• Claudio Longo

Ribellarsi, sognare e vivere - La storia di Valerio Petroni - DreamerWild

È vivo lo sguardo di Valerio. Un ragazzo che attraverso i suoi viaggi on the road tra America e Africa accarezza il sapore di una nuova vita. Una vita che vuole urla fuori dal coro e che dalla rabbia dei suoi occhi lasciano trasparire un forte senso di rivalsa.

Conosciamo meglio questo ragazzo che nel durante delle sue esperienze ha scritto anche un libro ispirato alla sua vita legato alle sue conquiste.





Valerio, allora, rompiamo il ghiaccio. Dicci subito cosa ti stava stretto della tua vecchia vita e qual è stato il momento in cui hai rotto quel muro di vergogna prima di comprare il tuo primo biglietto.

Quello che mi stava stretto nella mia vecchia vita era la consapevolezza che non stavo vivendo, mi sono portato per anni il peso di un sistema che tiene prudenti le persone, facendole lavorare per esigenza e non per passione, guardavo spesso i telegiornali e non credevo minimamente che tutta l'umanità fosse come la descrivevano i giornalisti, violenta, come se avesse perso ogni valore umano e spirituale. Andavo molto spesso in contrasto con la mia famiglia e con i miei amici, perché vedevo la vita in maniera totalmente diversa rispetto alla loro radicalizzazione ad un sistema che non gli permetteva minimamente di evolversi e fare esperienze di vita.
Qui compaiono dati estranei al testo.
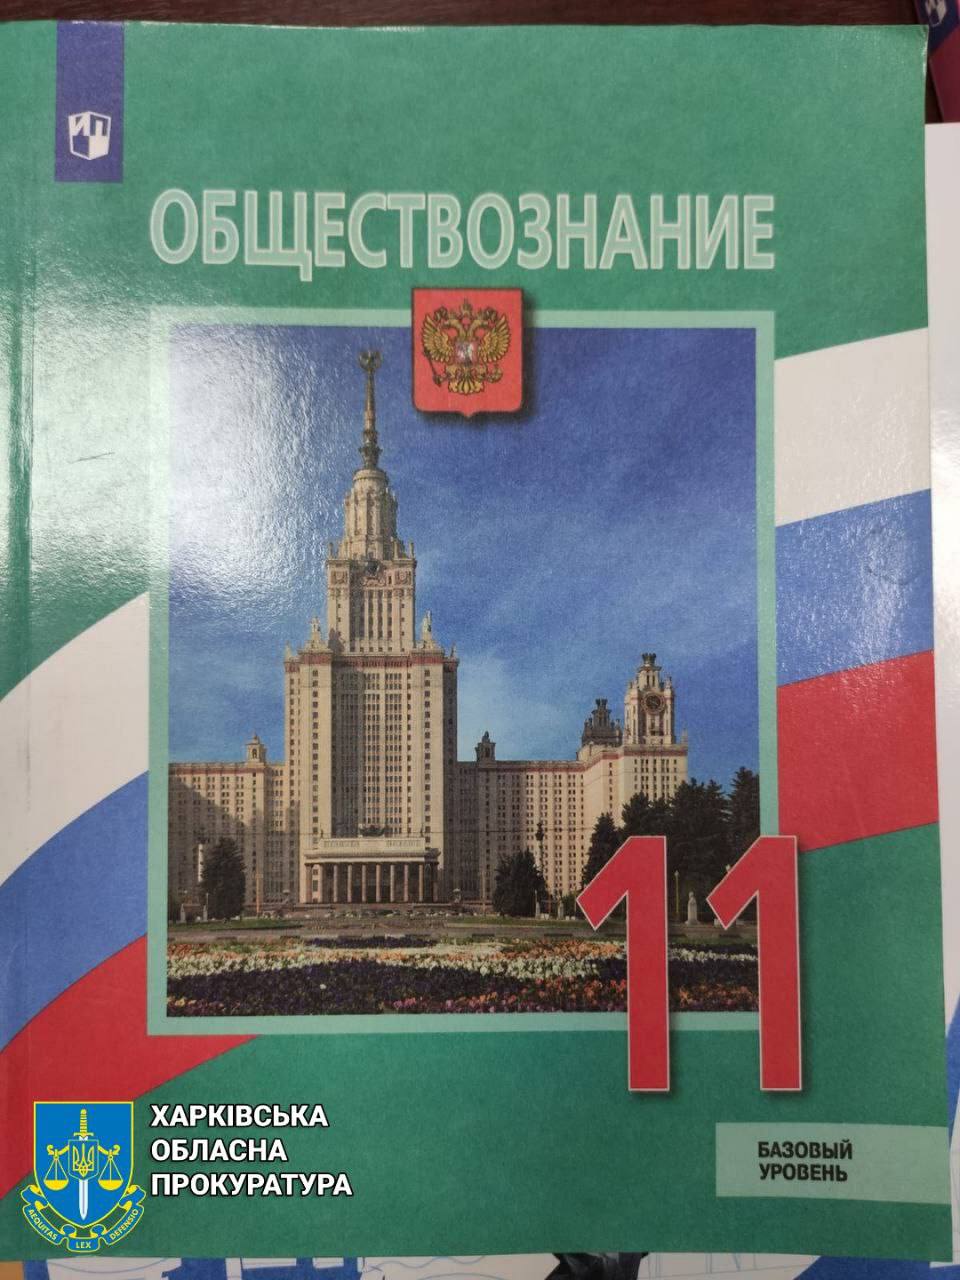 шкільні підручники з російською пропагандою 3

Da quelle catene me ne sono liberato grazie ad una benedizione "attacco di panico" che mi ha così spaventato da mettermi nella condizione di farmi un'unica domanda: "Sei felice Valerio?"

In quel momento mi sono reso conto, che quell'attacco di panico, era un messaggio della mia anima per dirmi che dovevo fare qualcosa per cambiare la mia vita. A quel punto da quel buio o visto la luce, il mio potere e soprattutto quell'amore per me stesso che avevo dimenticato, così dopo diverse settimane prenotai un viaggio verso la California che mi fece capire che il viaggio era la giusta terapia per me.

Portaci un po’ a spasso con i tuoi pensieri e i paesaggi vissuti. C’ è un momento, una fase o un luogo in cui hai sorriso a te stesso e ti sei sentito finalmente limpido e libero?

Ce ne sono tanti di momenti indimenticabili, ma vorrei raccontare quella volta in Guatemala nel lago di Atitlan, uno dei posti più magici e pieni di energia che ho vissuto. Mi sono completamente innamorato di quel posto, ad osservare tutta quella la natura incontaminata intorno a me, mi sono sentito vivo, dove lo scorrere lento dell’acqua del lago accarezzava dolcemente il mio cuore e lo faceva battere in armonia con tutto ciò che avevo intorno e soprattutto dentro di me. Il fumo che usciva dai tre vulcani che circondavano il lago, la semplicità e i sorrisi della gente di quel luogo erano magici. I loro sorrisi erano uno specchio di come mi sentivo felice dentro di me. Mi sono innamorato delle donne con i vestiti della tradizione maya, tutti colorati e distinti tra loro, nei tratti di un piccolo posto capace di illuminare di amore il mio cuore.


Hai trasformato la tua storia in un libro e questa cosa è strepitosa. Qual è stato il bisogno più grande che hai maturato quando hai deciso di metterti a scrivere?

La decisione del libro è stata presa con una consapevolezza di poter aiutare qualcuno a realizzare i propri sogni. Di quanto una società ti faccia credere che esiste una sola direzione, quando invece ci sono alternative e strade secondarie, e quando si ha il coraggio di percorrerle, vedi realizzare veramente la magia nella tua vita.


Ho scritto questo libro non solo per parlare delle mie esperienze di viaggio, ma per poter lasciare un messaggio di amore e speranza a chi lo leggerà. Perché l’amore guarisce ogni cosa e iniziare ad amare se stessi è il passo fondamentale per poter costruire insieme un nuovo mondo. E come ho creduto in me e nel mio potere, credo nel potere e nell’amore di tutti.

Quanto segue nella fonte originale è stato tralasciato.